What I had in mind was that only a single command would be added at root scope (or under a fake tree called "root" like in the example below) and the rest of the commands would stay grouped under the tree just like in your original example.

I don't know much about borg backup so pardon the surface-level questions ~ is your workflow such that borg will create the repo directories, manage .git and manage creating the worktree for you? Along those lines, you're not using garden grow to create the initial repos in your workflow, correct?

The point being that your inception point, as far as I now understand it, isn't going to go through git clone under the hood like it usually happens with garden grow. You're looking to let borg create stuff instead.

The default behavior of supporting sparsity (by skipping trees) is there because, for example, I might share a garden file across desktops and laptops and each machine might have a different sparse set of trees checked out.

It looks like the workflow you're looking to attain with borg is that borb will create all the repos for you, so instead of garden grow you'd like to have it run a custom command. The custom command has to run in a tree's context due to all of the ${TREE_PATH} and ${TREE_NAME} references in the commands.

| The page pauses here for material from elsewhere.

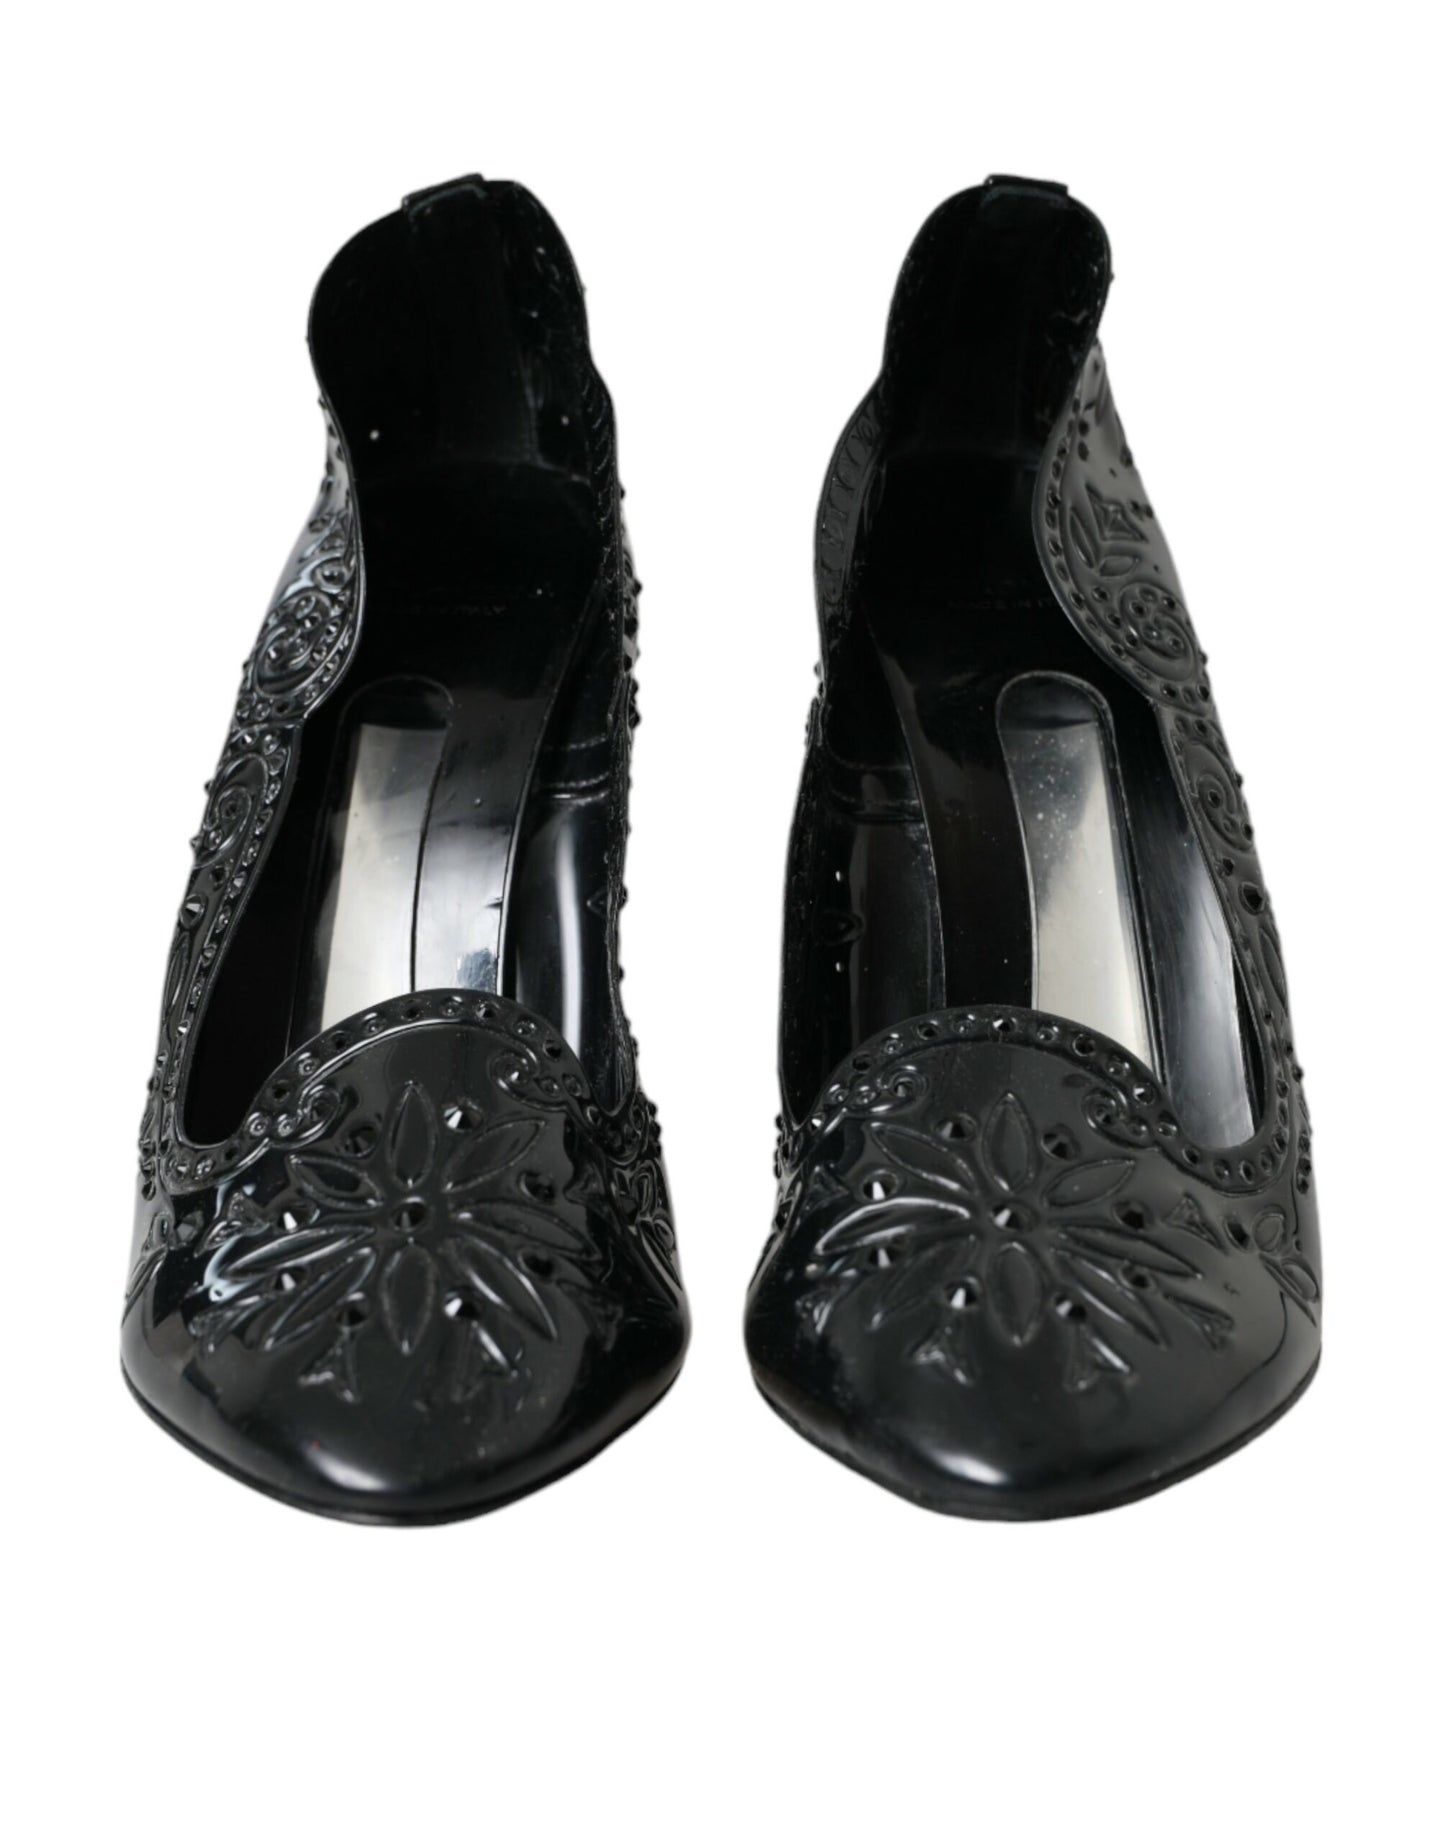 Black Crystal CINDERELLA Heels Pumps Shoes

The only way to do that is going to be to extend garden to let us run commands against missing trees.

Let me know if that sounds right to you.

What I'll start hacking on is making it so that garden borg-restore -f projects/garden/repo1 runs the command as expected.

-f would be shorthand for --force, but I'm all ears if you have a better suggestion for the short and long option names.

Oh, and in case you wanted to make this work today, I think this would do it, albeit with some repetition in the config file since the tree names would be repeated in a two places. The workaround is to run mkdir separately, up front.

commands:
trees:
  projects/garden/repo1:
    templates: storage
  # rest of trees here
  root:
    path: ${GARDEN_ROOT}
    commands:
      init-trees: |
        for repo in repo1 repo2 repo3 repo4
        do
            mkdir -p projects/garden/$repo
        done

# templates, etc.

Once you add that you can cd to the garden root directory and run:

garden init-trees
garden borg-restore 'projects/garden/*'

and it should do the right thing and create the initial directories. Creating the initial directory is all it takes for garden to make commands run, which is what garden init-trees does. The subsequent garden borg-restore ... then works as expected because the directories were created by the previous command.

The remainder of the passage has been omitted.